▸ Problem statement
Return precisely the opening lines of the listing below, ending with the line that contains "تعويم سفينة بعد جنوحها في القناة".

▸ The data
---------------

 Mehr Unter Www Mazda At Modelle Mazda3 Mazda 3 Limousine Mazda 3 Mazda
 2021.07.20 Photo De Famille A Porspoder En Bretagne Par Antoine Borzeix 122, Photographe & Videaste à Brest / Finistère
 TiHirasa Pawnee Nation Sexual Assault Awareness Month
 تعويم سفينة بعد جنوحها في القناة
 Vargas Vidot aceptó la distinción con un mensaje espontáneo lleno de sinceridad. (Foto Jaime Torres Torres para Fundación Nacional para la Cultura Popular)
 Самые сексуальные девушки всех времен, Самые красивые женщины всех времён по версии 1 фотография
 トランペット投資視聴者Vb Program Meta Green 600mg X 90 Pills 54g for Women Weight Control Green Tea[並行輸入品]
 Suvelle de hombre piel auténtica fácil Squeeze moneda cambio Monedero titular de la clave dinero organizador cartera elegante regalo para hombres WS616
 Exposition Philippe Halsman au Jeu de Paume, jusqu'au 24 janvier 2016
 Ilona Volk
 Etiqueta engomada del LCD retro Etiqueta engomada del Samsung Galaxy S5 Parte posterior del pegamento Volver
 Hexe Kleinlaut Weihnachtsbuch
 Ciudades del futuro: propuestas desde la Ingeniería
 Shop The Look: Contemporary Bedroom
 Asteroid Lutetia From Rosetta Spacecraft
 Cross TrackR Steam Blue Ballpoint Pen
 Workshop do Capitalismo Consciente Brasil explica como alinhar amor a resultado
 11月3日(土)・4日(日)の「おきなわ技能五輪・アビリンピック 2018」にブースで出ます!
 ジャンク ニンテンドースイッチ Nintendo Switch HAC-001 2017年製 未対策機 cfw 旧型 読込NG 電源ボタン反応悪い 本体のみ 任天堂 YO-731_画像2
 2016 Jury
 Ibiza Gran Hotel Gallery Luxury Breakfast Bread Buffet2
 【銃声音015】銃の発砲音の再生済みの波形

---------------

▸ Solution to the exercise
 Mehr Unter Www Mazda At Modelle Mazda3 Mazda 3 Limousine Mazda 3 Mazda
 2021.07.20 Photo De Famille A Porspoder En Bretagne Par Antoine Borzeix 122, Photographe & Videaste à Brest / Finistère
 TiHirasa Pawnee Nation Sexual Assault Awareness Month
 تعويم سفينة بعد جنوحها في القناة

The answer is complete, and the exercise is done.